• **WHAT THE TASK ASKS**
Omit the pictures and reproduce the rest of the listing exactly.

___

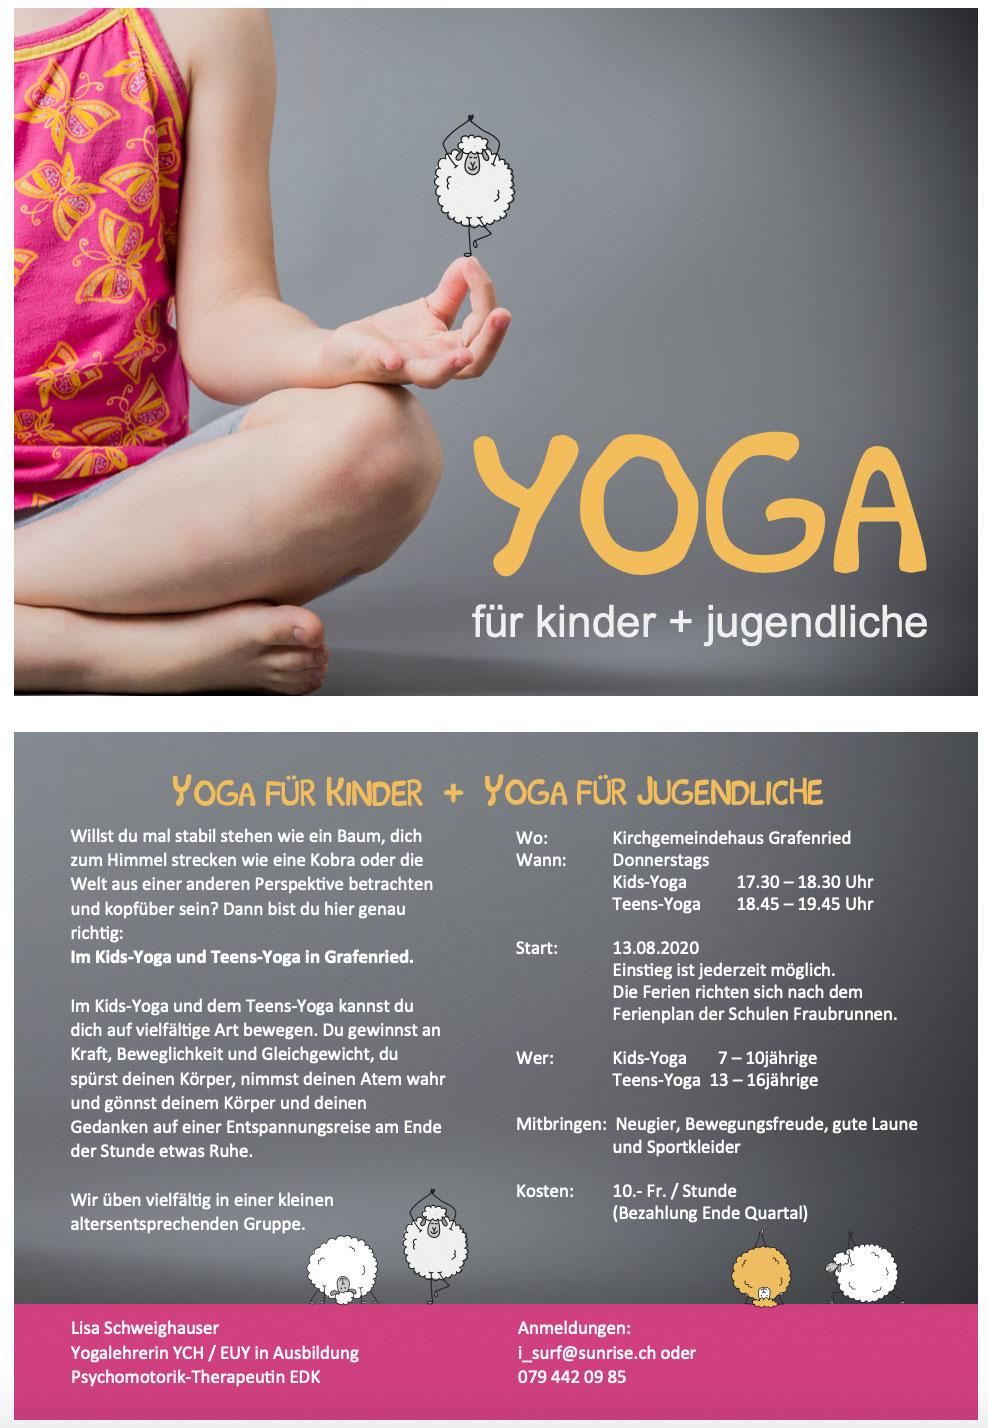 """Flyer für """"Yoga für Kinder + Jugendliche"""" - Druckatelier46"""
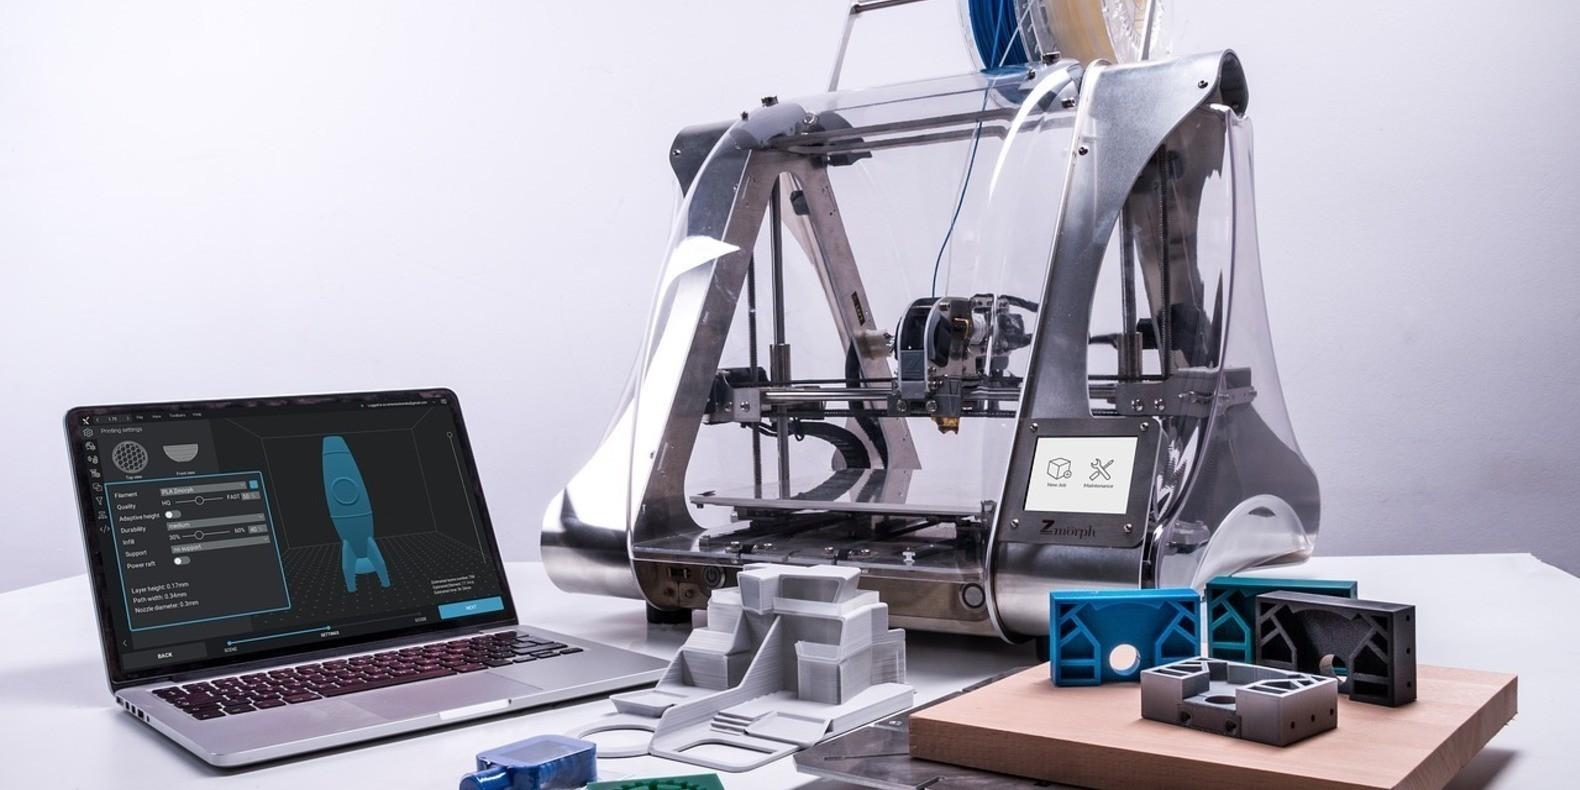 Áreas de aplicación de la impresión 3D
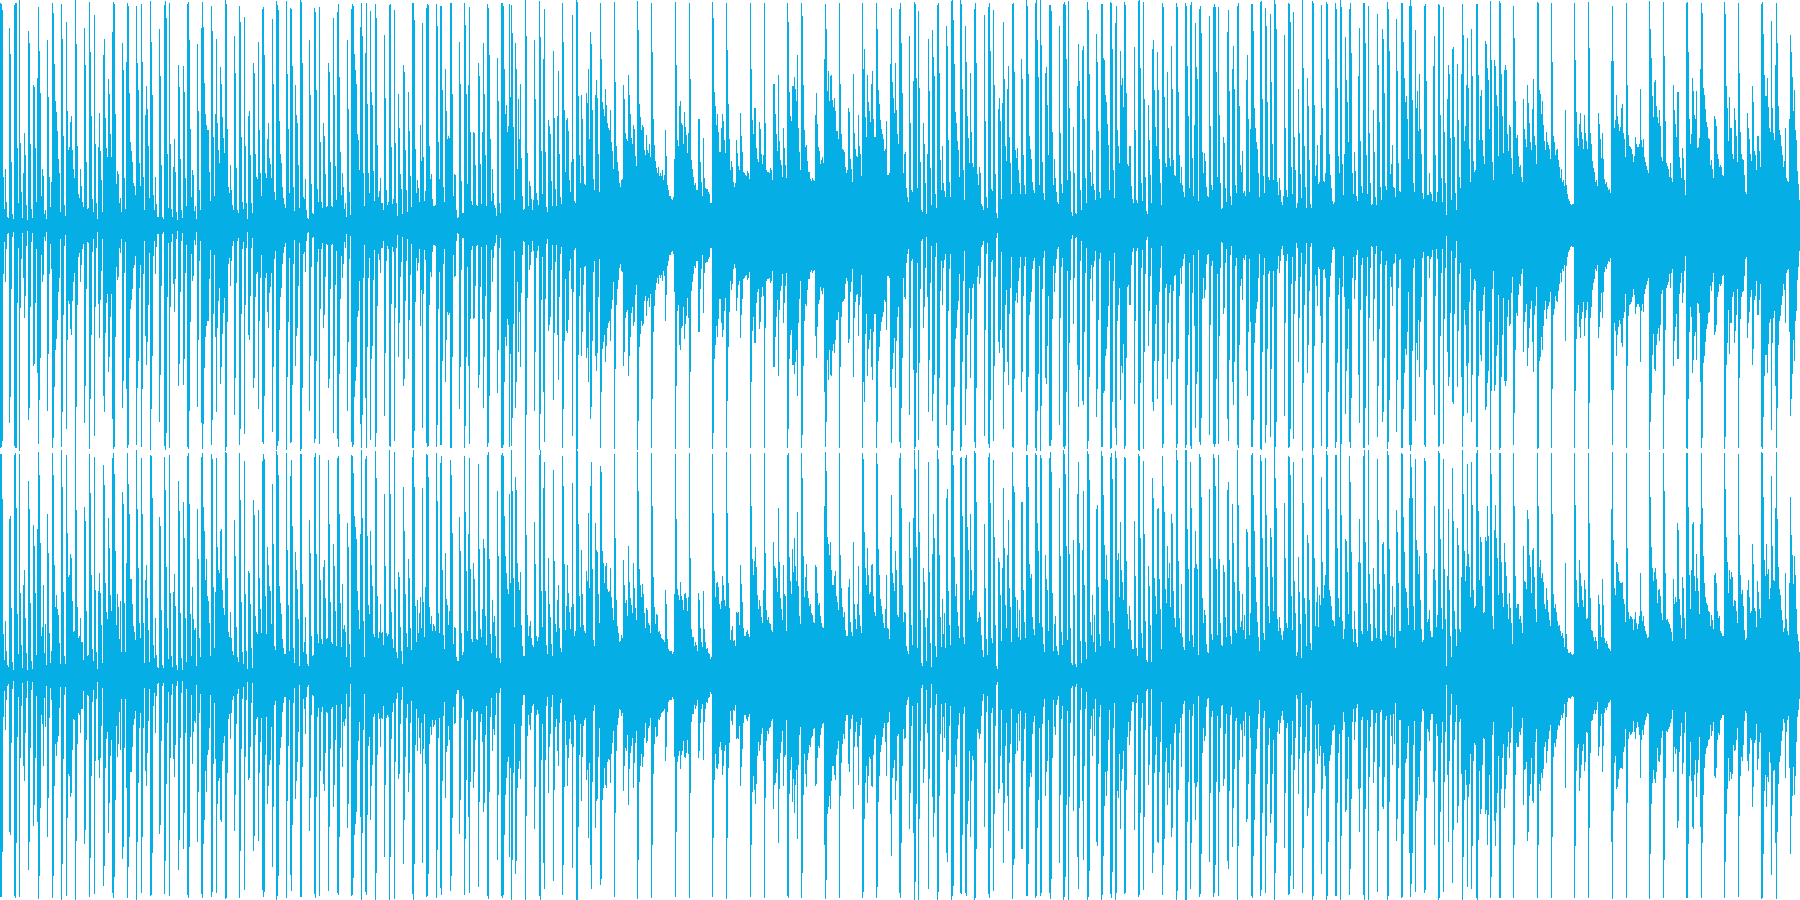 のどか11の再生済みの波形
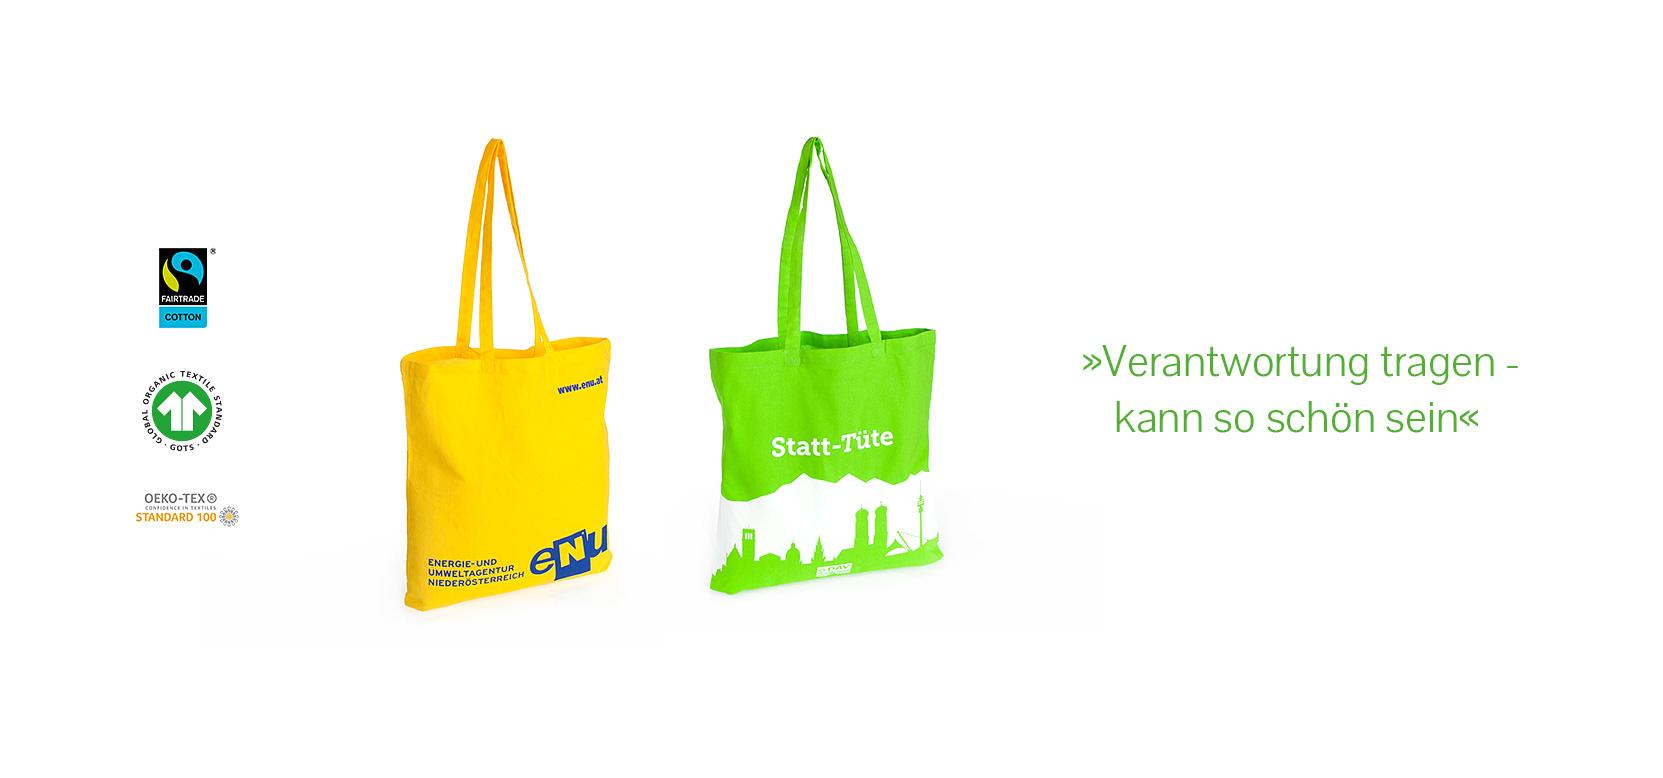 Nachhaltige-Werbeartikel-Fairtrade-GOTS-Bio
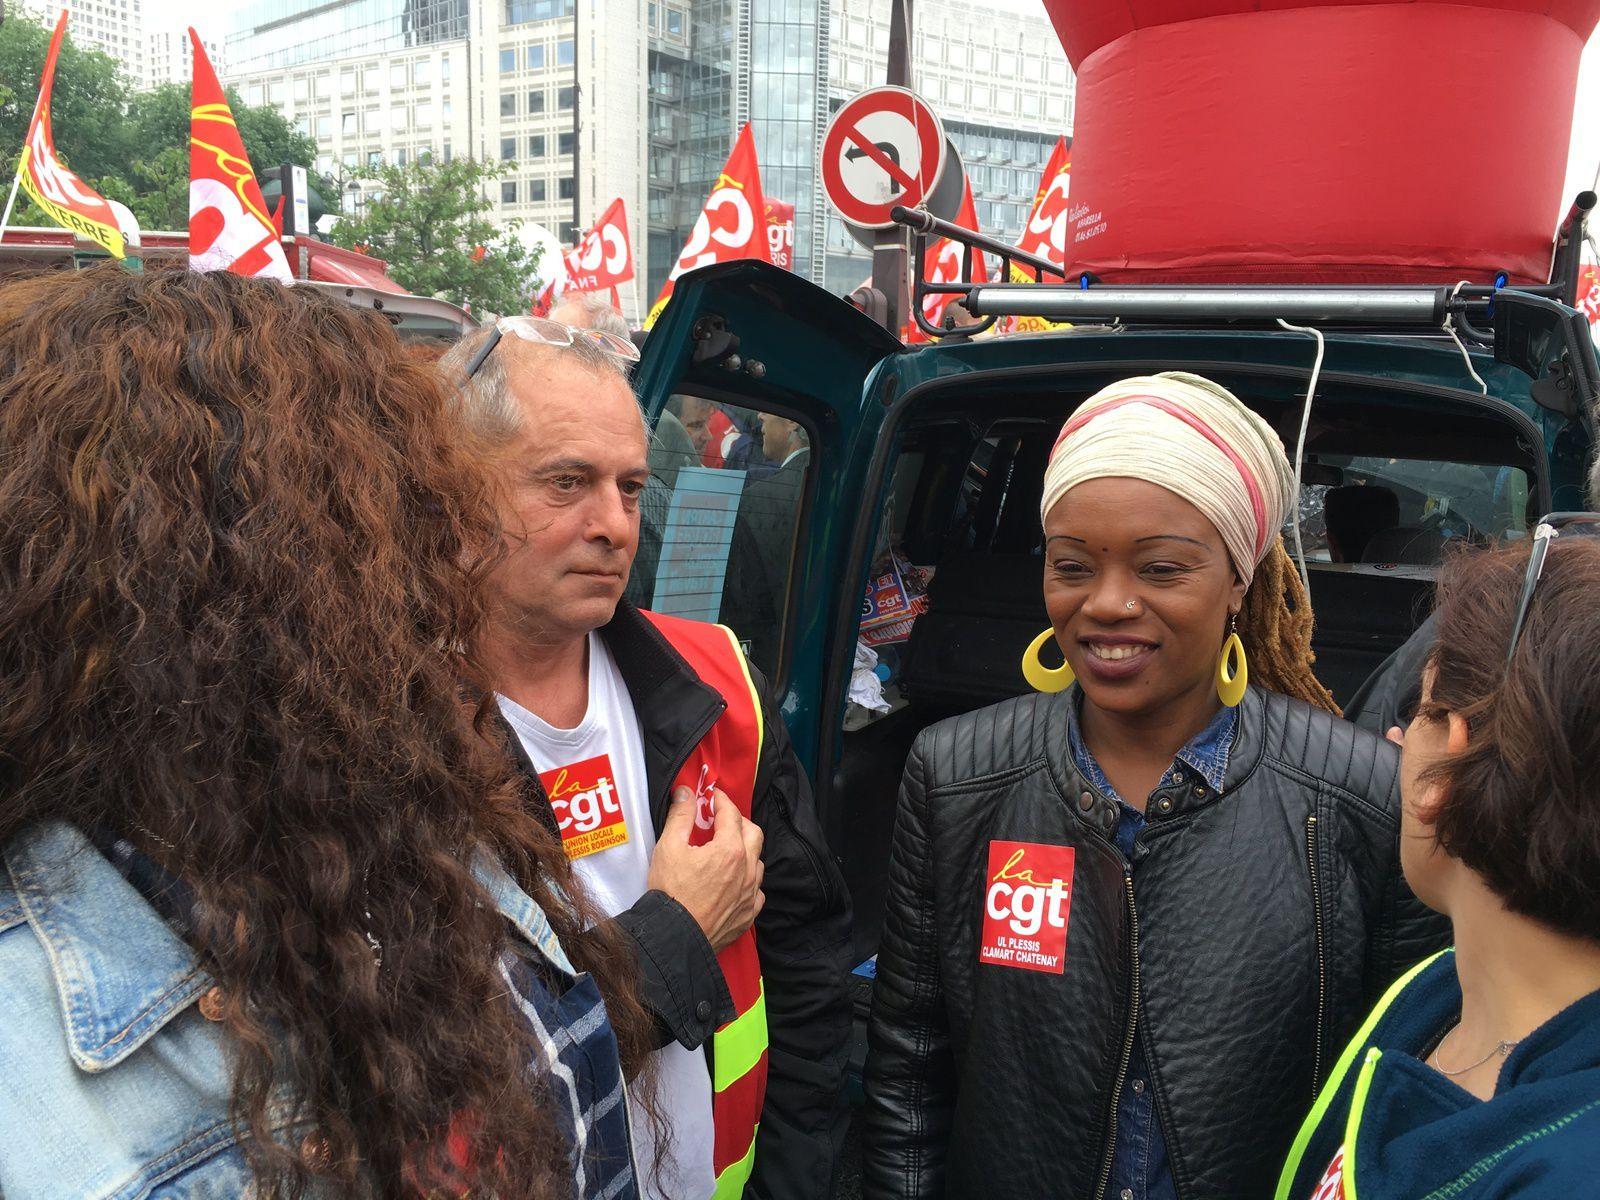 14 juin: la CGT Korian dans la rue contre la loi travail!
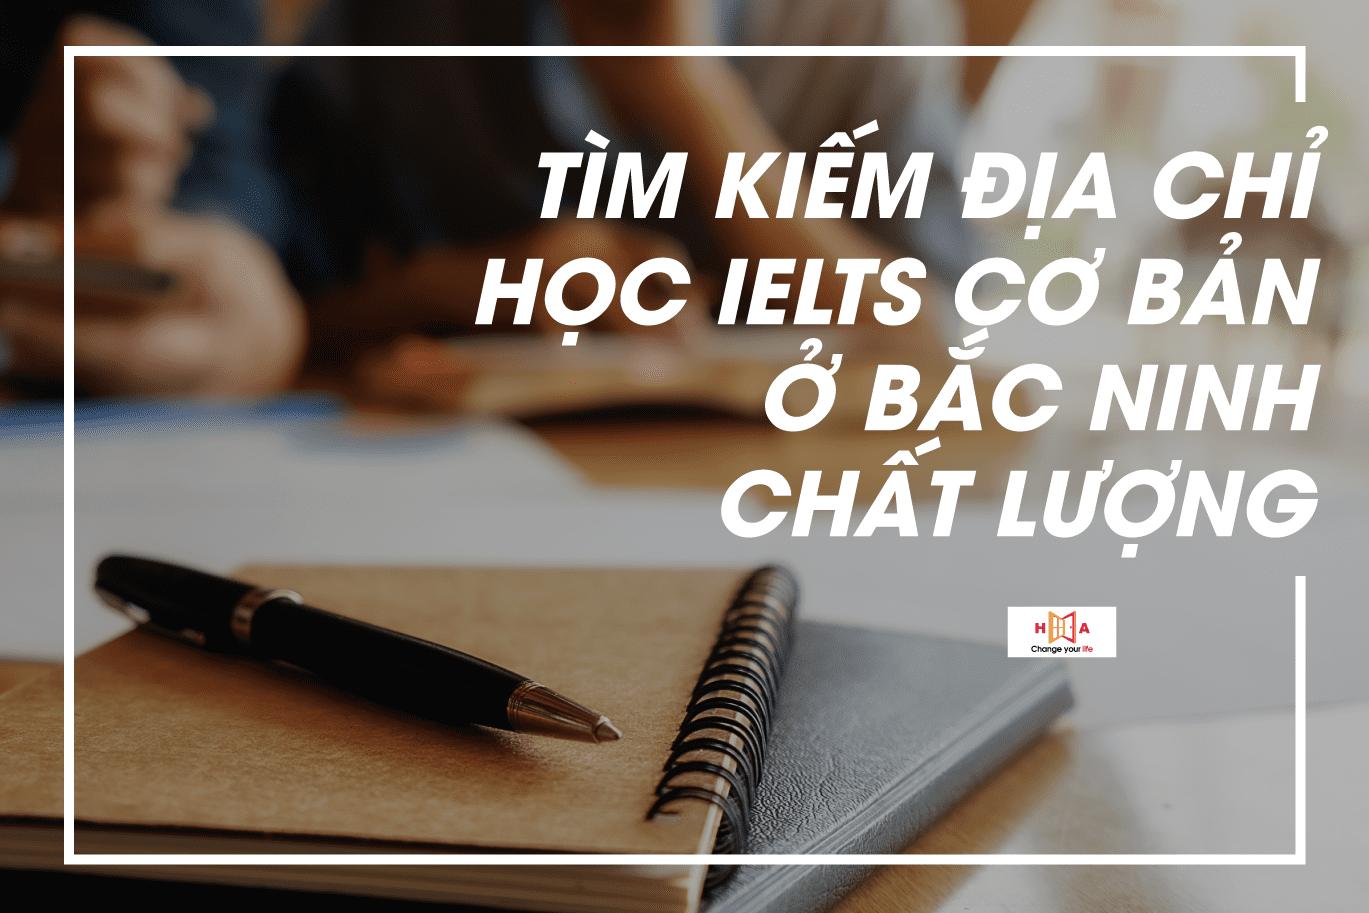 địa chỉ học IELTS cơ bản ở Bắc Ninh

___

• **OUTPUT**
 """Flyer für """"Yoga für Kinder + Jugendliche"""" - Druckatelier46"""
 Áreas de aplicación de la impresión 3D
 のどか11の再生済みの波形
 Nachhaltige-Werbeartikel-Fairtrade-GOTS-Bio
 14 juin: la CGT Korian dans la rue contre la loi travail!
 địa chỉ học IELTS cơ bản ở Bắc Ninh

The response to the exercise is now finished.